- _Data segment_
=== Begin Enclosure ===

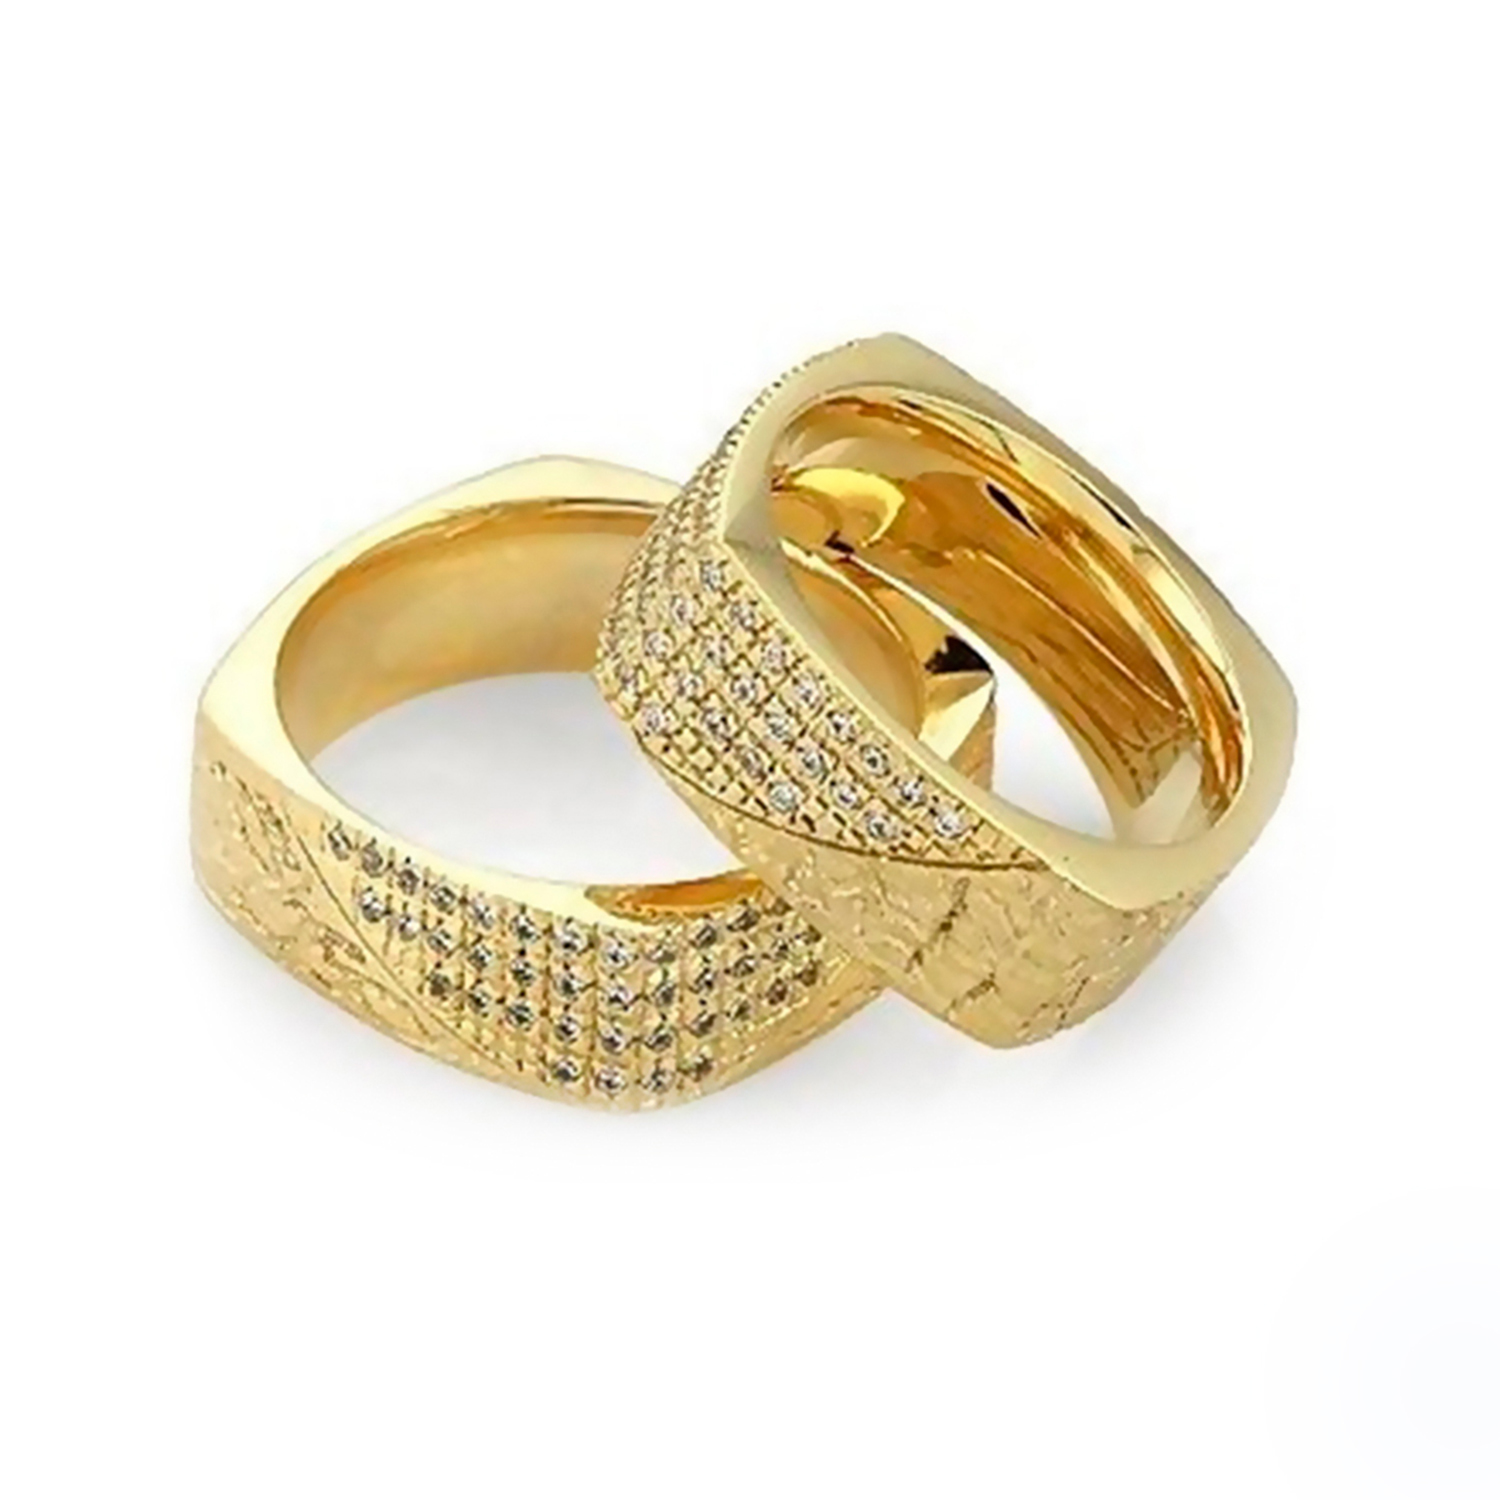 Лимонное золото 585. Обручальные кольца парные золотые 585 пробы. Обручальные кольца золото 585. Обручальные кольца парные 585. Обручальные кольца парные золотые 585.
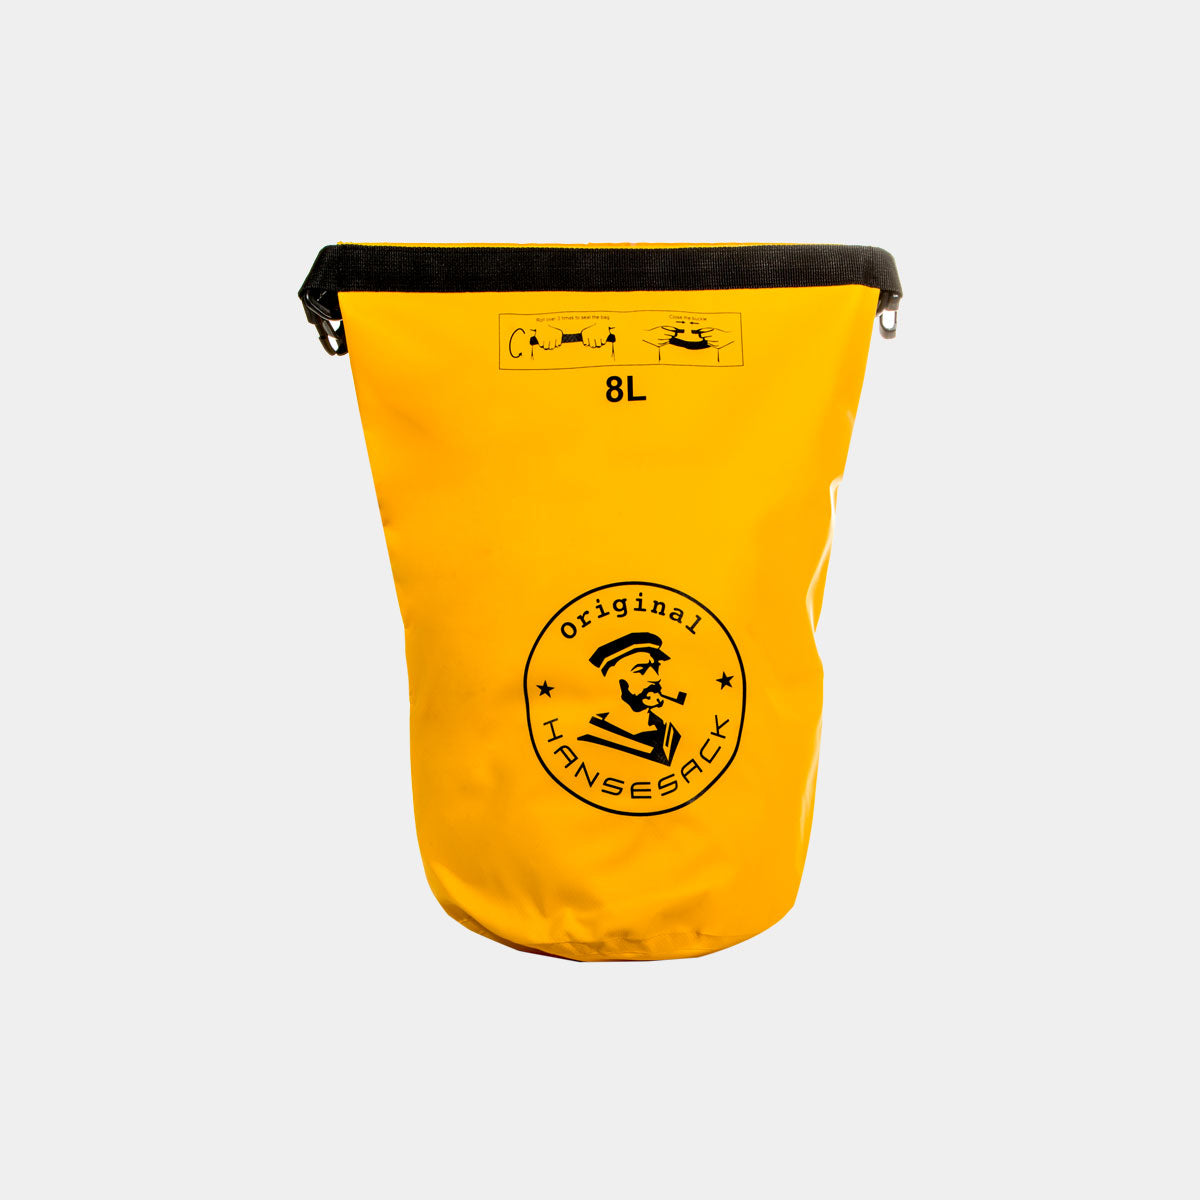 Hansesack Produktbild gelber Hansesack PVC See Sack 8 Liter Variante offen von vorne
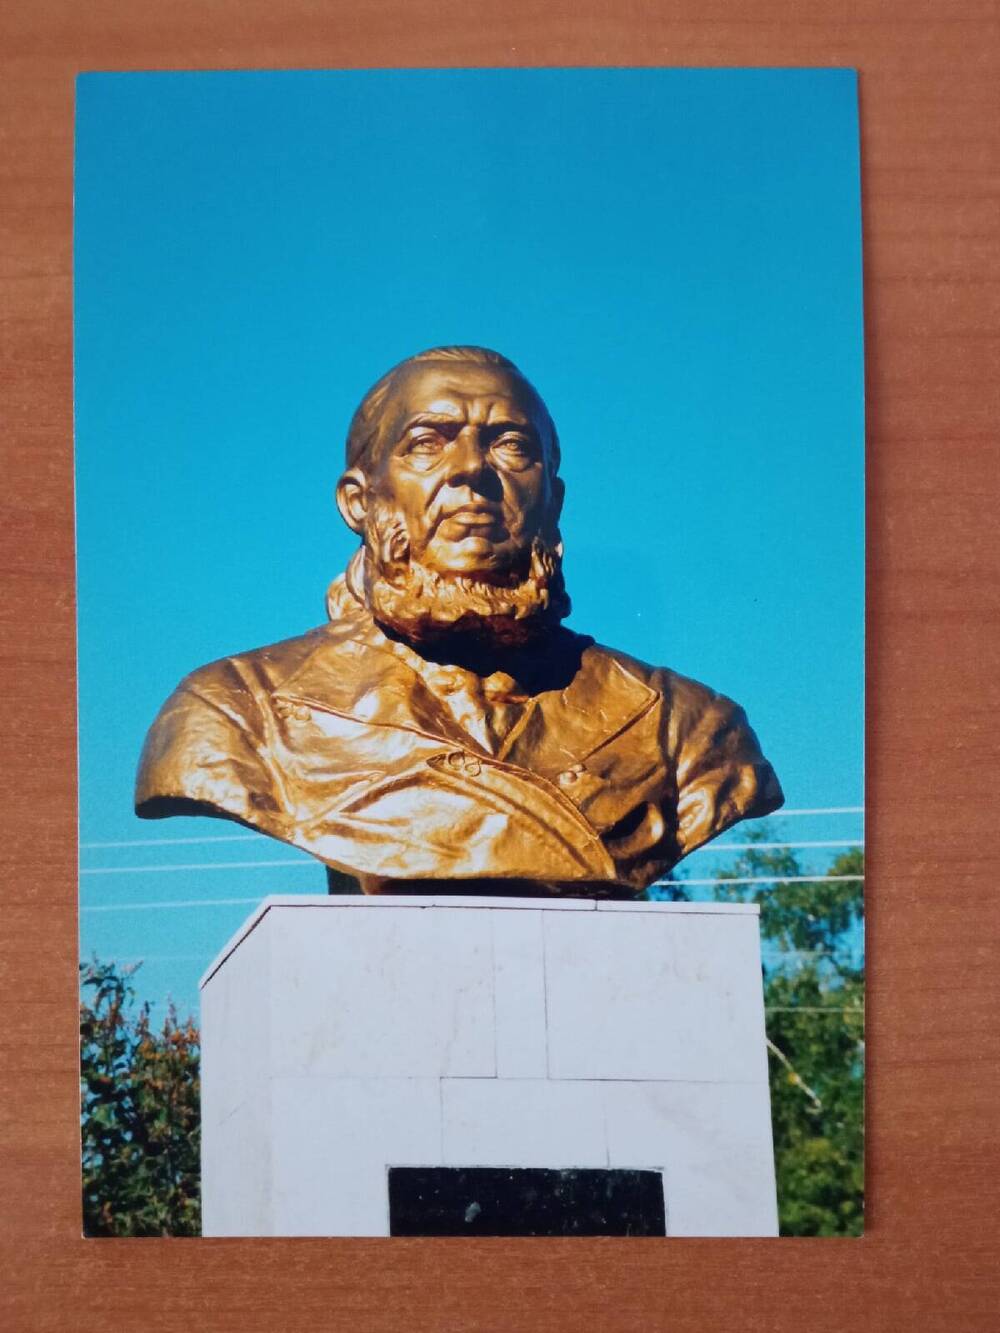 Фотография цветная. На фото изображён бронзовый памятник С.Т. Аксакову (бюст), выполненный уфимским скульптором Т.П. Нечаевой.

=== End Enclosure ===

- _Task brief_
Go through the data and return every word of it verbatim, leaving out the pictures.

- _Answer to the exercise_
 Лимонное золото 585. Обручальные кольца парные золотые 585 пробы. Обручальные кольца золото 585. Обручальные кольца парные 585. Обручальные кольца парные золотые 585.
 Hansesack Produktbild gelber Hansesack PVC See Sack 8 Liter Variante offen von vorne
 Фотография цветная. На фото изображён бронзовый памятник С.Т. Аксакову (бюст), выполненный уфимским скульптором Т.П. Нечаевой.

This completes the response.